Matt Adams discusses the importance of bearing good fruit and how easy it is not to.

-Transcript-

There are two peach trees growing on the hill behind my house. My dad planted them years ago in the hopes of having a few fresh peaches each season.

Now, my dad was an electrician, not a farmer. The trees are short, stunted things, and never – not one year – have they produced a single, edible peach.

Alright, siblings, here’s where I’m going with this: The fruits of the Spirit are love, joy, peace, forbearance, kindness, goodness, faithfulness, gentleness and self-control. These should be growing in our lives; we should see a greater harvest of these fruits each year. So why don’t we?

Why do we struggle with things like joy and self-control? Because it’s been far too long since we’ve allowed the farmer, our Father, to walk through and prune back or cut away those branches, those things in our lives, that aren’t producing good fruit.

We have convinced ourselves that we are fine the way we are; our good enough mentality allows us to look at a dried, shriveled, worm-infested crop and think, “Well, at least I’m producing fruit.” Nope! Not good enough! Not for the world we live in. It’s past time, in my own life, that I fully submit to the Will and the Word of God, that I measure my obedience against His plumb line rather than the line of “good enough” that the world so readily accepts. Salvation is mine; sanctification is a process (one that I think we all neglect). We have GOT to get SERIOUS about following Christ closely, about producing GOOD fruit.

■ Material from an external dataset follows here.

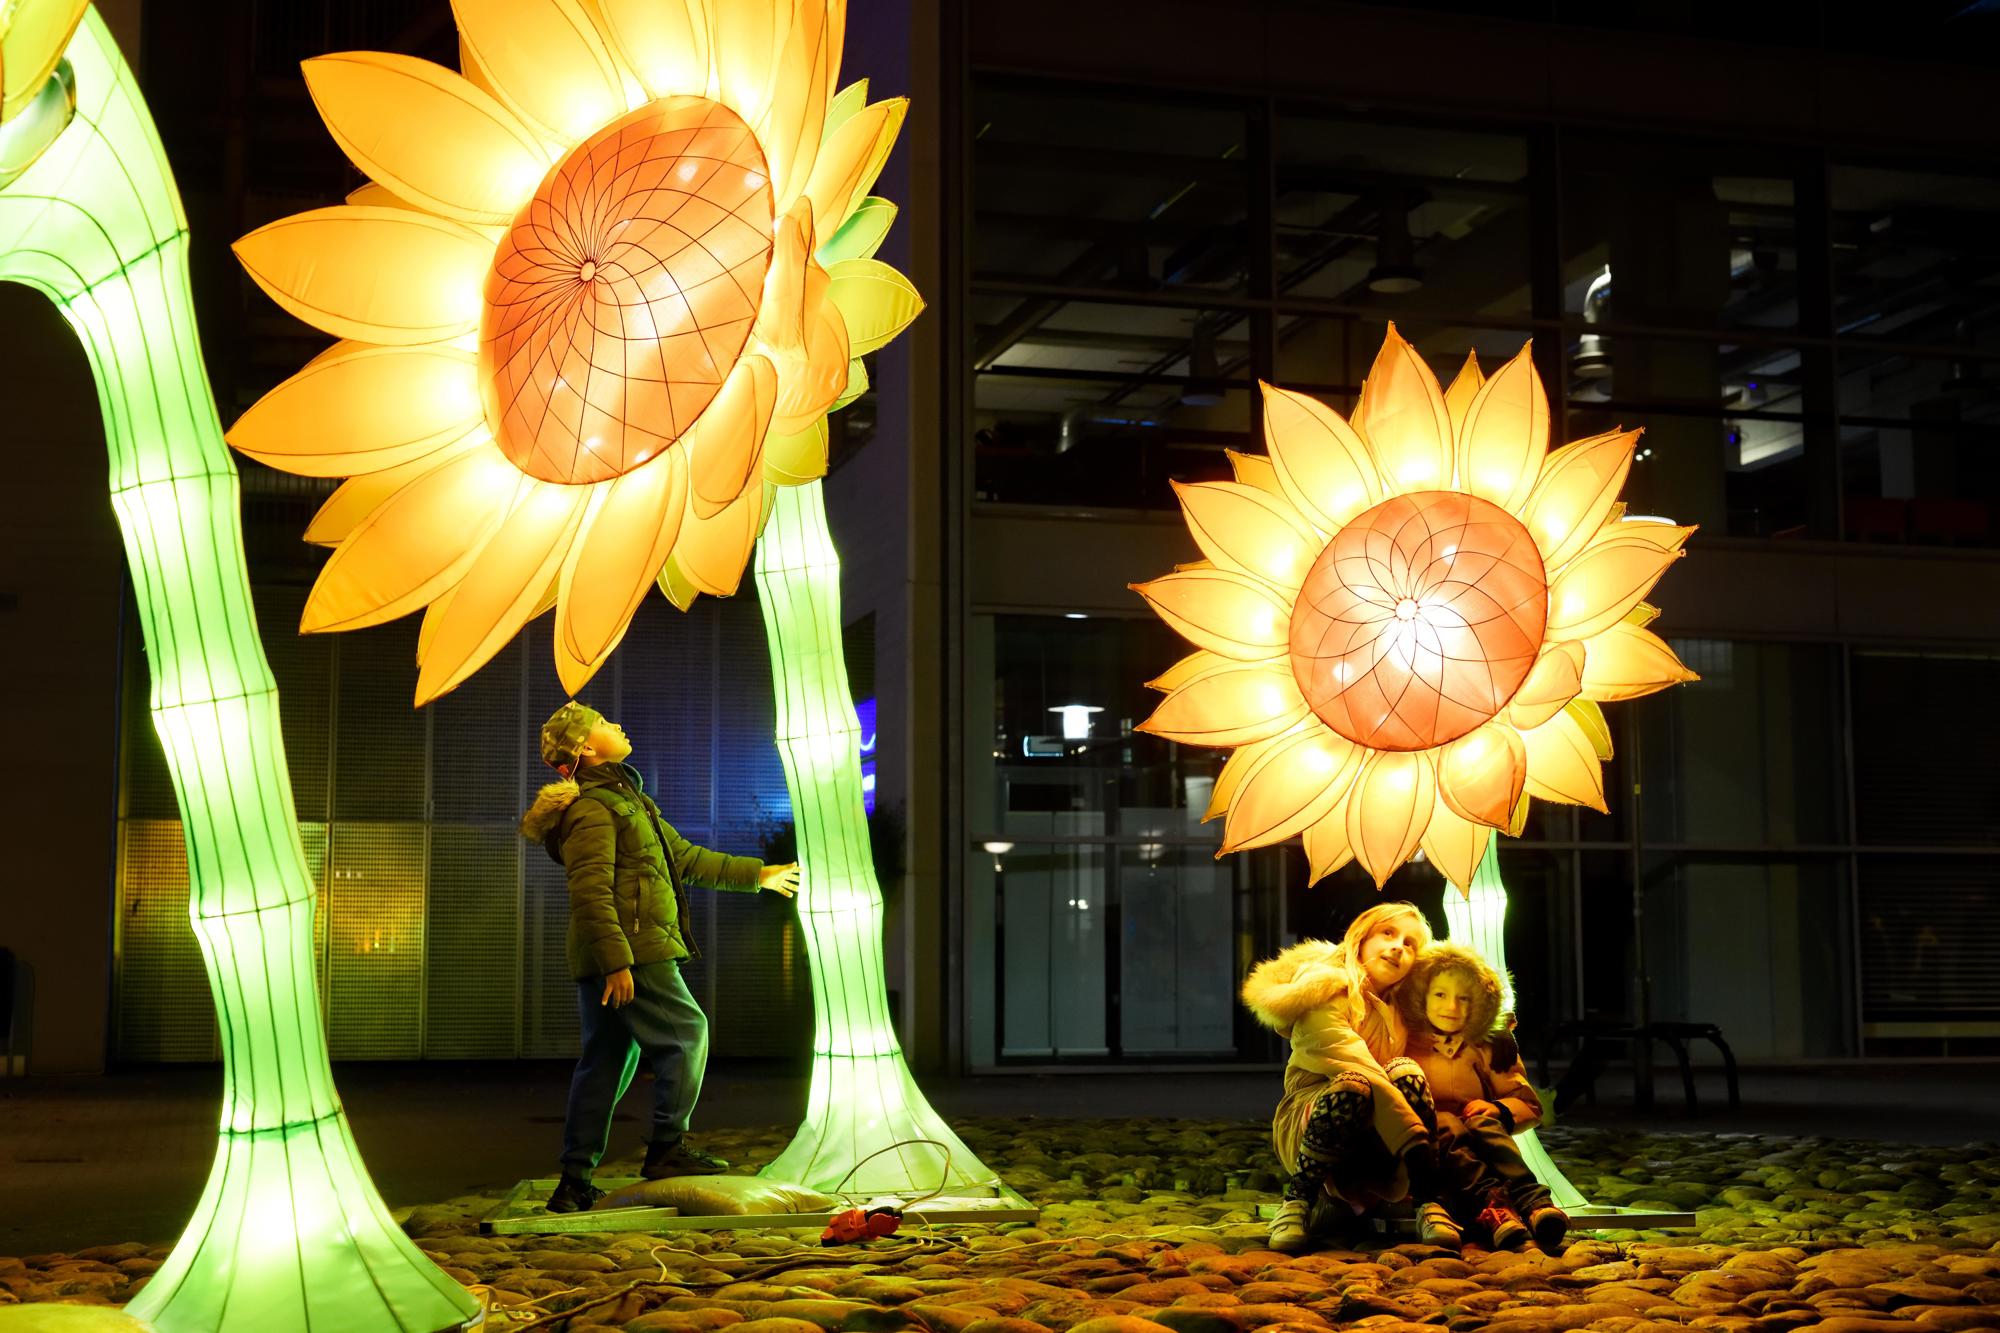 Jedes Jahr verwandeln Künstler Eindhoven mit überraschendem Design in GLOW: eine stadtweite Ausstellung von Lichtkunst unter freiem Himmel

Why am I so fired up about this? Because I have two daughters, 400+ students, and thousands of people in my own Jerusalem and fruit is not made to feed the tree from which it grows. Grapes don’t grow to feed the vine….Grapes don’t grow to feed the vine! The fruit God produces in us feeds others! Please let it be good fruit!

John 15:15 says “I am the vine; you are the branches. If a man remains in me and I in him, he will bear much fruit; apart from me you can do nothing.”